Hoje em dia são cada vez mais os produtos que procuram criar as suas necessidades, especialmente no campo das novas tecnologias, e como nem sempre é fácil descobrir novas necessidades, partiu-se então para os artigos “de marca” que se completam com os “da moda” e que satisfazem necessidades já preenchidas, mas têm aquilo que os outros produtos não têm: estatuto, qualidade, o dom de serem preferidos por pessoas que invejamos, com as quais gostamos de nos parecer, pessoas que nos são apresentadas como de referencia porque as vemos em todo o lado e sabemos quase tudo das suas vidas.

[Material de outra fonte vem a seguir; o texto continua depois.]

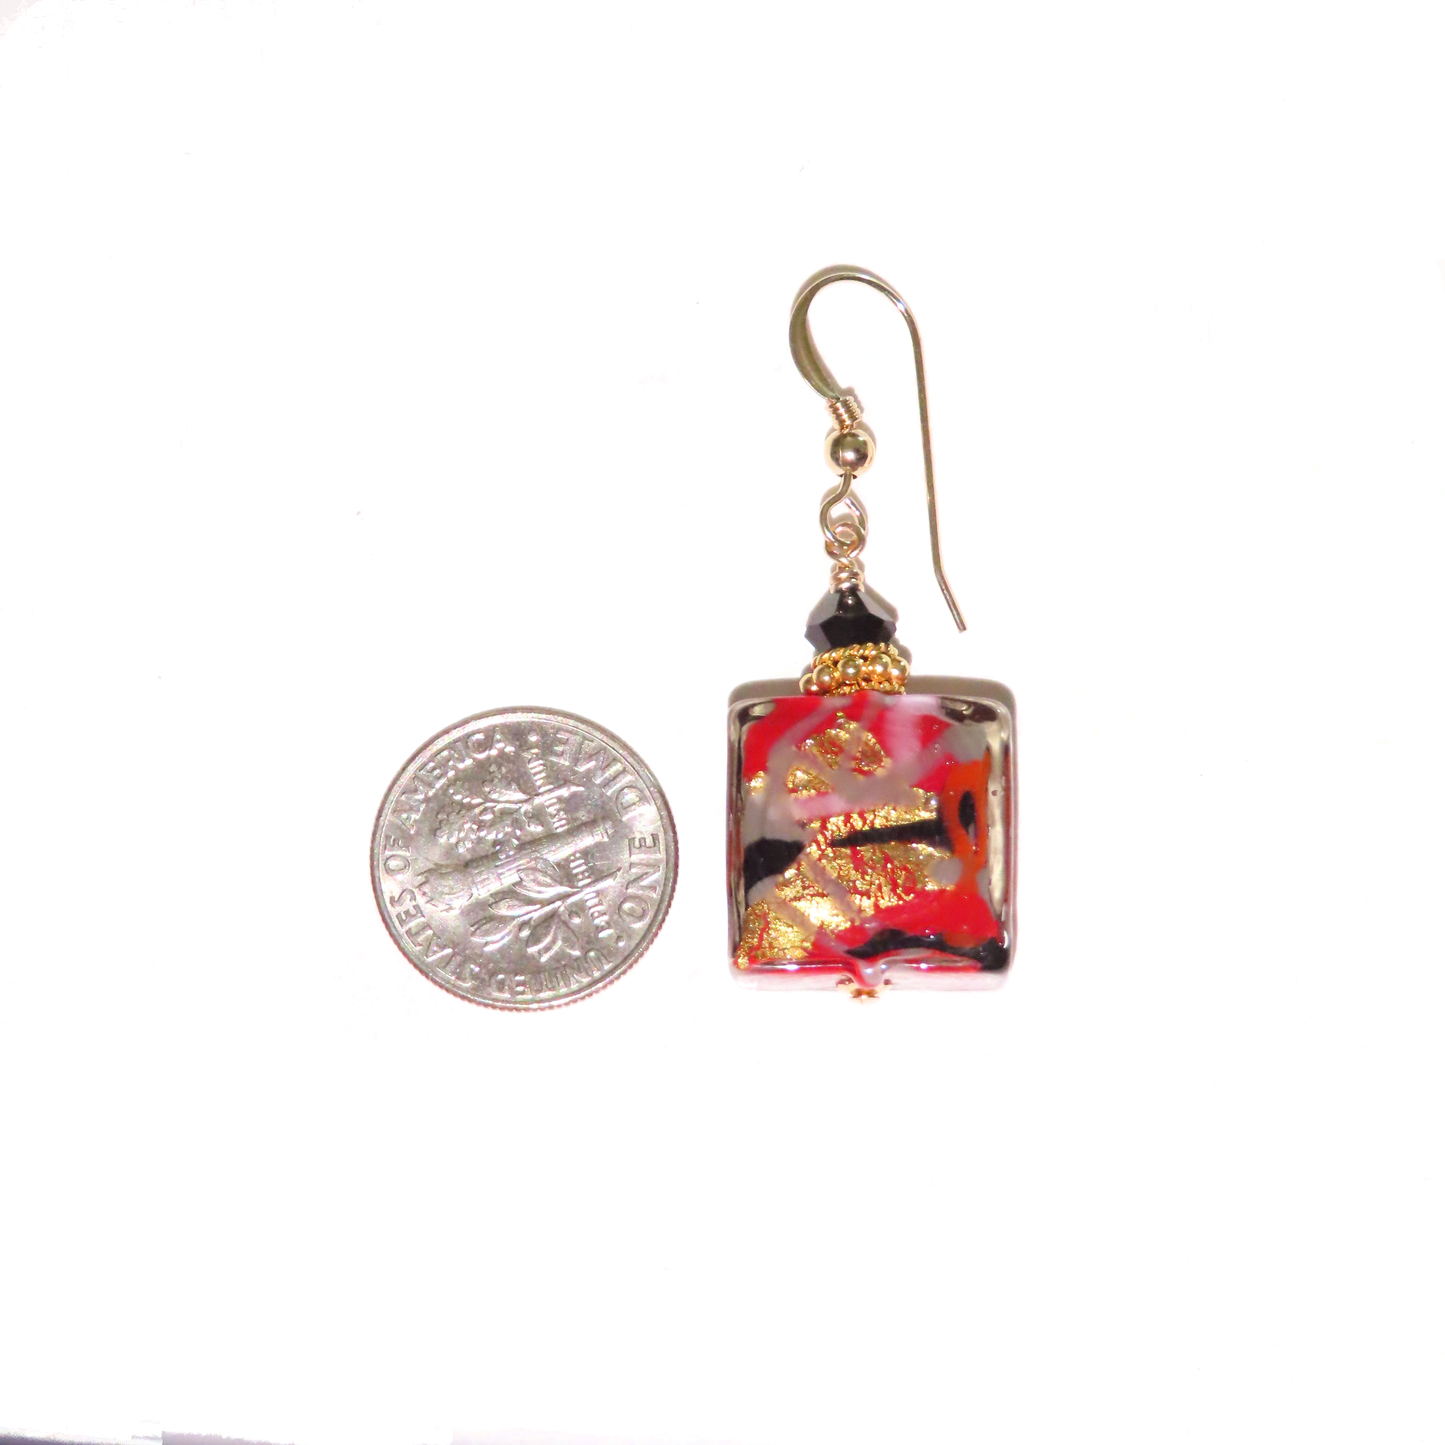 a pair of earrings sitting next to a coin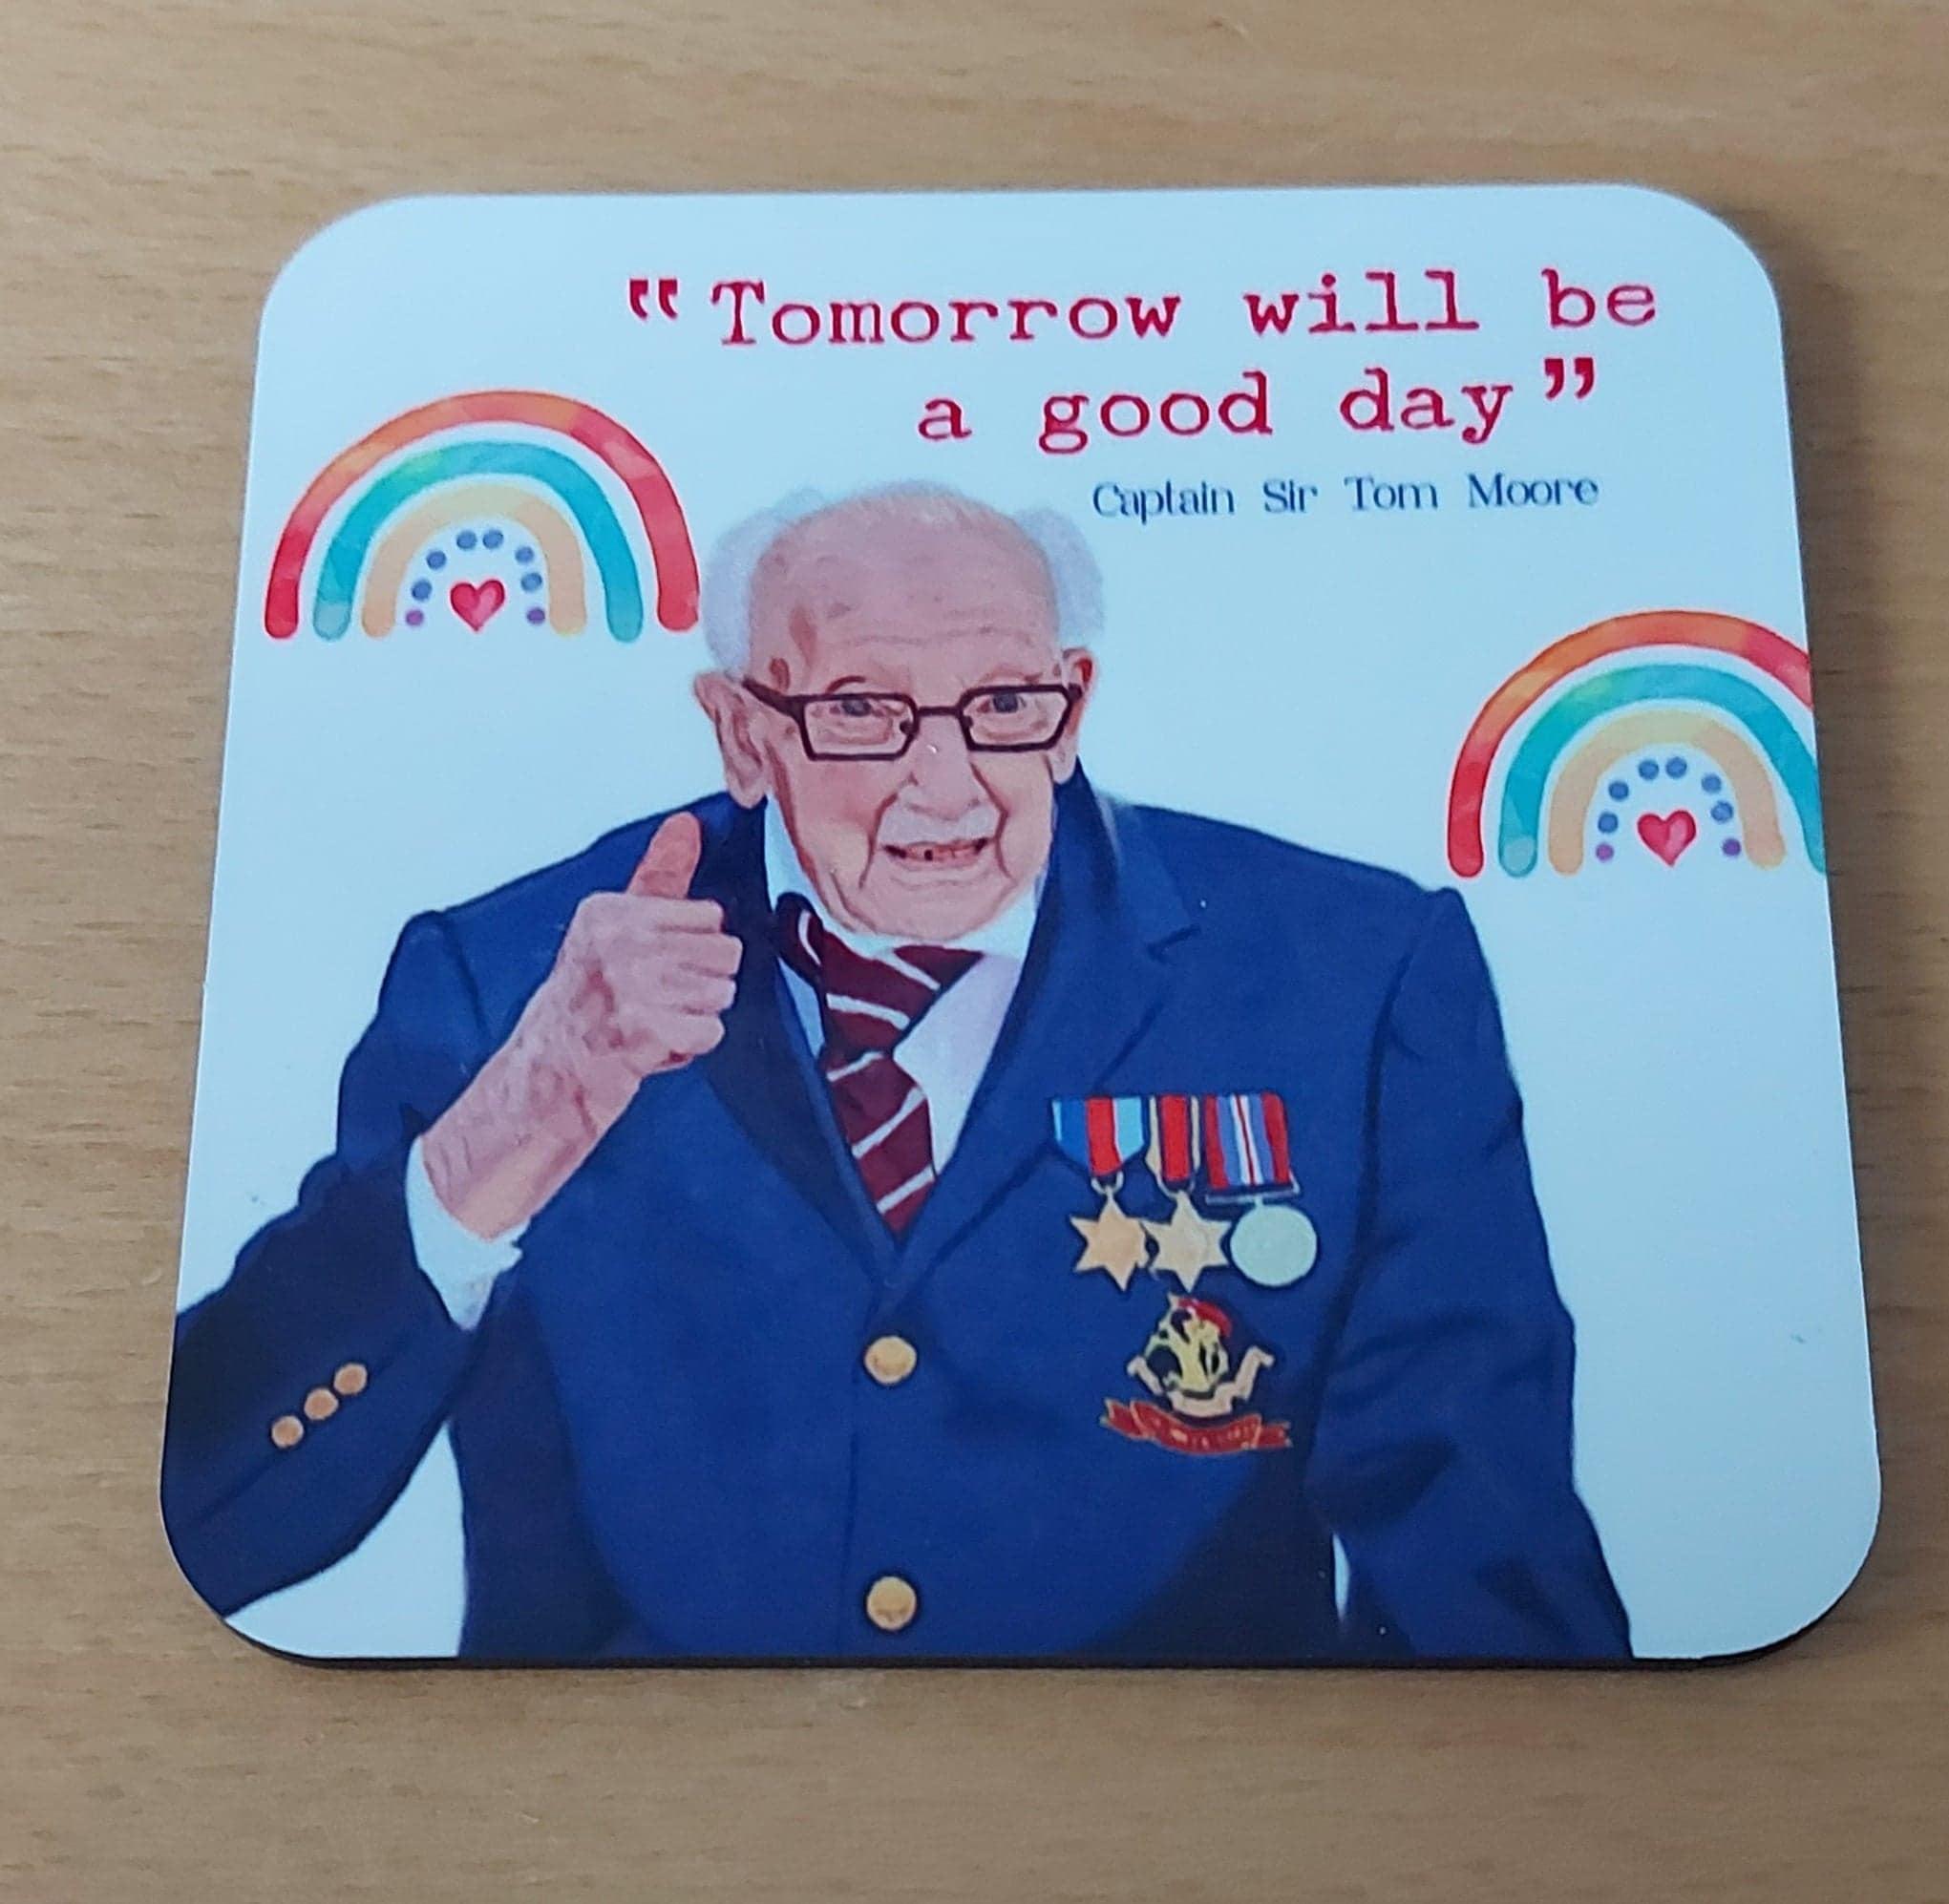 NHS Hero-Captain Sir Tom Moore - Tomorrow will be a good day - Inspirational - motivational coaster - NHS -Rainbow

Um dos princípios da sociedade de consumo é o de que ele, o consumo, é a chave para a felicidade e através dele, sem qualquer esforço de outro tipo, auto promovemo-nos, melhoramos a nossa imagem, não só aos nossos próprios olhos como, principalmente, aos olhos dos outros.

Tive esta lição comigo próprio quando comprei, há muitos anos, o meu primeiro automóvel.

Lembro-me bem de qual era o meu estado de espírito quando viajei para Lisboa para levantar no Stand o meu Renault 8S, todo amarelinho, com 4 faróis, 1100 cm de cilindrada e, vejam lá, carburador de Corpo Duplo!

Não foi num automóvel mas em felicidade pura que regressei a casa pela auto-estrada Lisboa-Porto que terminava em Vila Franca de Xira.

A pouco e pouco, com o tempo, aprendi que afinal não passava de um meio de transporte que se transformaria numa inestética sucata caso chocasse contra uma das numerosas árvores que ladeiam a estrada para Almeirim.

A felicidade que se obtém através de certo consumo é uma fraude em que todos podemos incorrer mas perigosa, especialmente, se não nos apercebermos disso e insistirmos no erro uma vida inteira.

A felicidade ou a sua procura tem outros caminhos que não os do consumo, não vão dar a nenhum Stand nem à porta de nenhuma loja por mais chique que ela seja, seria demasiado fácil se assim fosse.

Pior ainda, é que não temos nenhuma receita para lá chegar e a procura faz-se dento de cada um de nós colocando de lado o efémero que não resiste ao tempo que passa, por vezes de bem curta duração, e tem a vantagem de, pelo menos, não terminar na DECO, num processo de renegociação das dívidas.

E se me permite um conselho, uma pista, um palpite, o que quiser chamar-lhe, procure no amor... talvez lá encontre…não garanto nada…


















segunda-feira, novembro 26, 2007

Educação para o consumo


Educação para o Consumo


Leio nos jornais que o nível de endividamento dos portugueses já ultrapassou, em muito, os 100% e como isto só pode ser um valor médio eu faço ideia do que, em certos casos, esta situação não poderá atingir.

É certo que parte considerável desta dívida tem a ver com o crédito à habitação uma vez que a partir de um certo momento os portugueses fizeram as contas e chegaram à conclusão que se haviam de passar a vida a pagar uma renda sem que a casa alguma vez fosse deles, fazia mais sentido que em vez da renda pagassem uma prestação ao Banco, mesmo que fosse um pouco mais cara, mesmo que levasse muitos anos a pagar.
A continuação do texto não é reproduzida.